The problem: Once the line holding "How to breed" appears, repeat it and each line after it to the end of the data, exactly and with nothing else; pictures stay out.

Data:

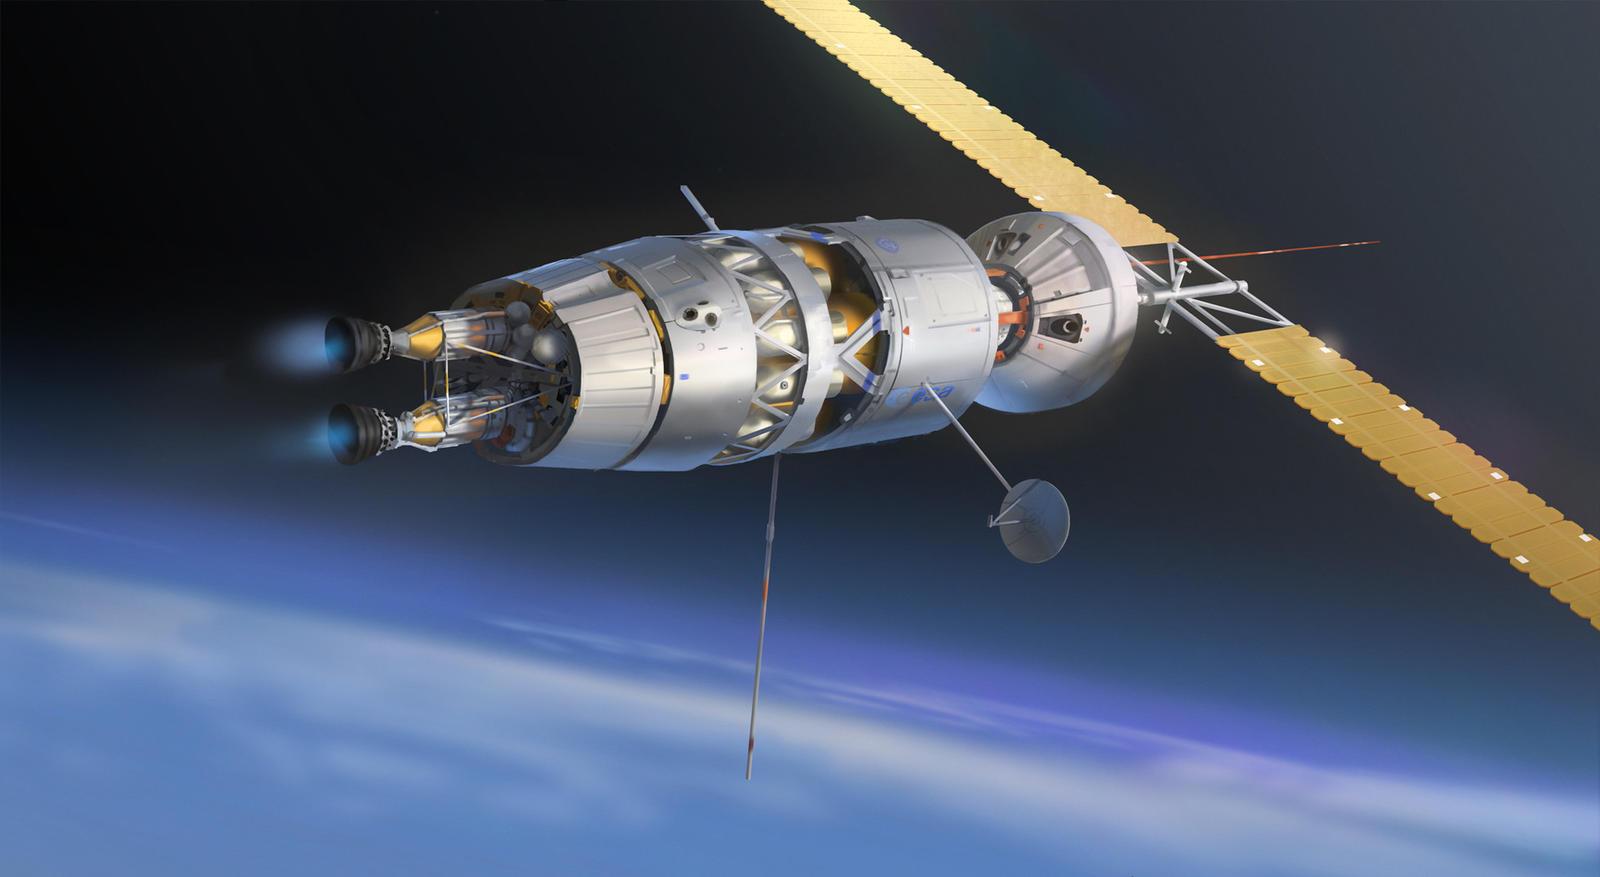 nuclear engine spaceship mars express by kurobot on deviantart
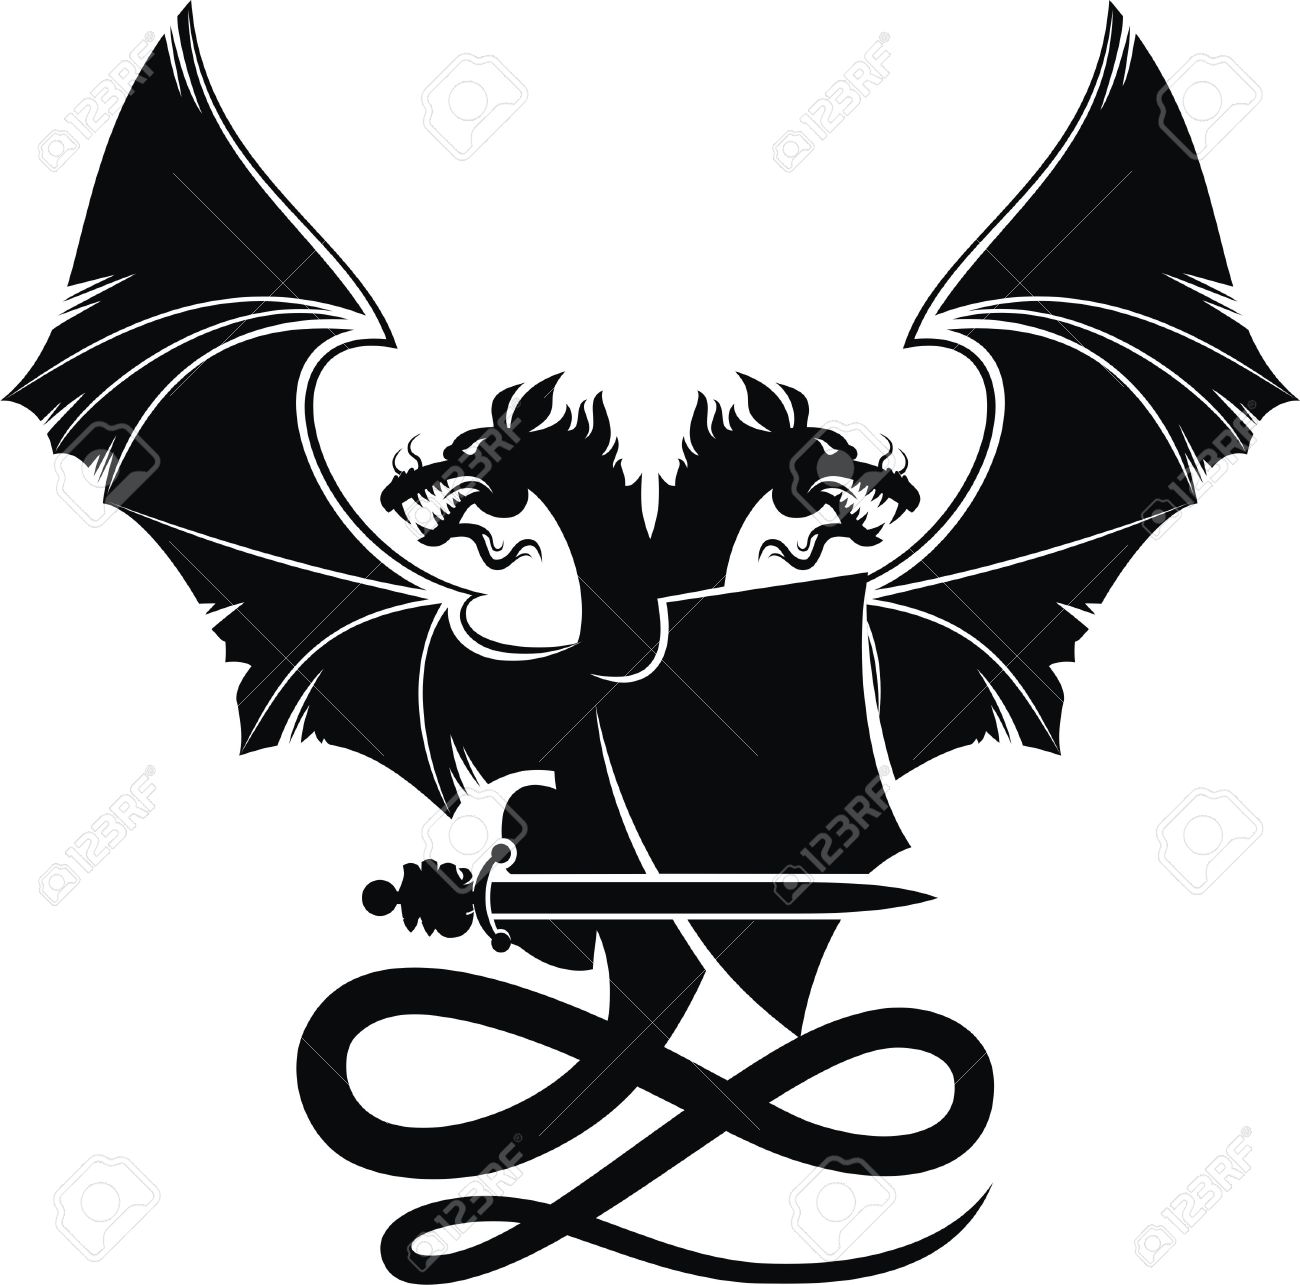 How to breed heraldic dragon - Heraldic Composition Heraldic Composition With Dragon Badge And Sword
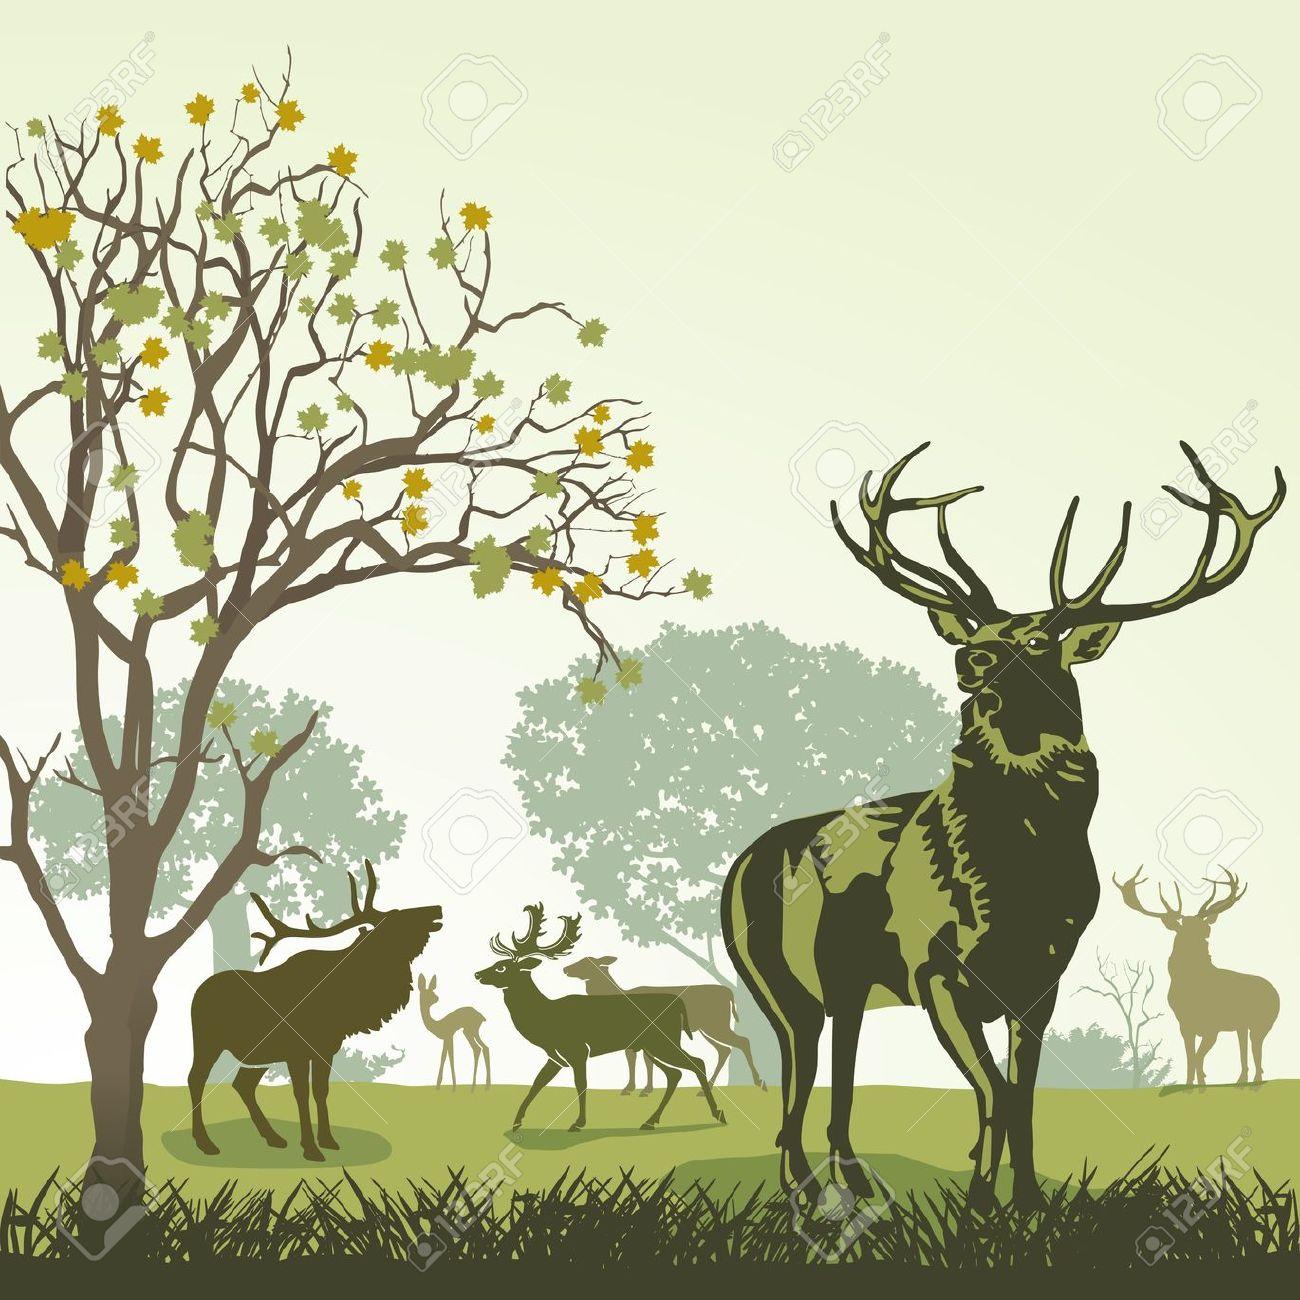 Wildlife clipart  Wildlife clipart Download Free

Final answer:
 How to breed heraldic dragon - Heraldic Composition Heraldic Composition With Dragon Badge And Sword
 Wildlife clipart  Wildlife clipart Download Free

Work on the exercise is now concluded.